JANGAN MEMBAHAYAKAN DIRI SENDIRI
Dari Ibnu Abbâs radhiyallahu ’anhu. Sabda Nabi shallallahu 'alaihi wa
sâlläm :
لاَ ضَرَرَ وَلاَ ضِرَارَ
”Tidak boleh melakukan sesuatu yang membahayakan diri sendiri ataupun
orang lain.”
[HR. Ahmad 1/313]
Kalau sudah tahu di satu tempat ada sumber penyakit menular, maka
jangan datang ketempat itu, karena membahayakan diri sendiri. Dan jangan
membahayakan orang lain, baik dengan perbuatan maupun kebijakan. Bila ia
seorang pengambil keputusan yang menyangkut urusan publik, maka keputusan harus
di ambil dengan mempertimbangkan keamanan orang lain'.
Dan jangan menantang taqdir. Perhatikan dialog iblis dengan Nabi Isa
'aläîhisalam yang terdapat dalam Kitab Al Adzkiyaa’ karya Al Imam Abul Faraj
Ibnul Jauzy (508-597), Mufti Agung Madzhab Hambali di masa Daulah ‘Abbasiyah.

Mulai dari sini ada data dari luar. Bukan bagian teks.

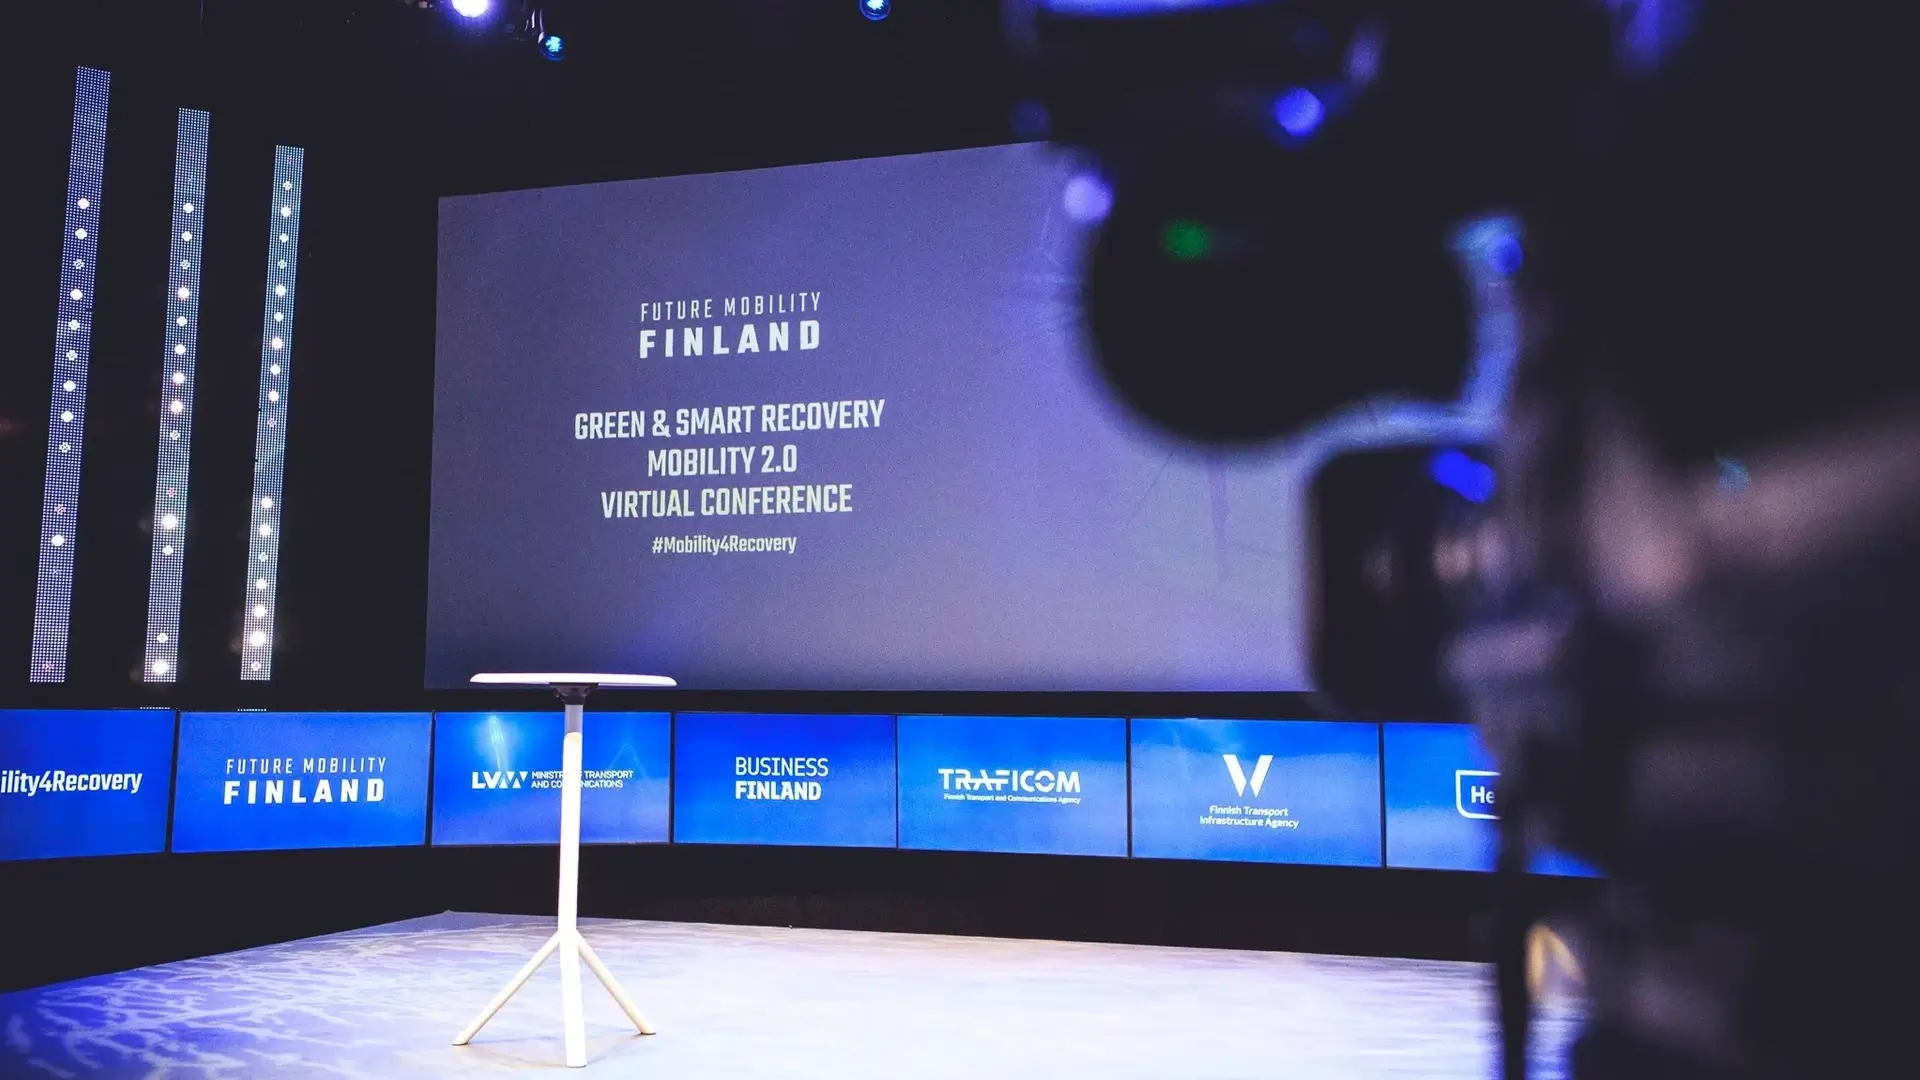 Future mobility Finland conference presentation

Iblis pernah datang menemui Nabiyyullah ‘Isa ‘alaihissalam. Berkatalah
si terlaknat : “Hai putra Maryam ! Bukankah engkau yakin, bahwa segala yang tak
ditakdirkan oleh Allah, tidak akan menimpamu ?”
“Ya,”
Jawab Al Masih ‘alaihissalam.
Si iblis berkata : “Kalau begitu, coba engkau naik ke gunung ini lalu
terjun dari atas gunung ini. Kalau Allah menakdirkan selamat, pasti engkau akan
selamat.”
Dengan tenang Isa putra Maryam ‘alaihissalam menjawab : “Hai makhluq
laknat !, sesungguhnya Allah berhak menguji para hamba-Nya. Tapi seorang hamba
tidak punya hak sama sekali untuk menguji Allah !”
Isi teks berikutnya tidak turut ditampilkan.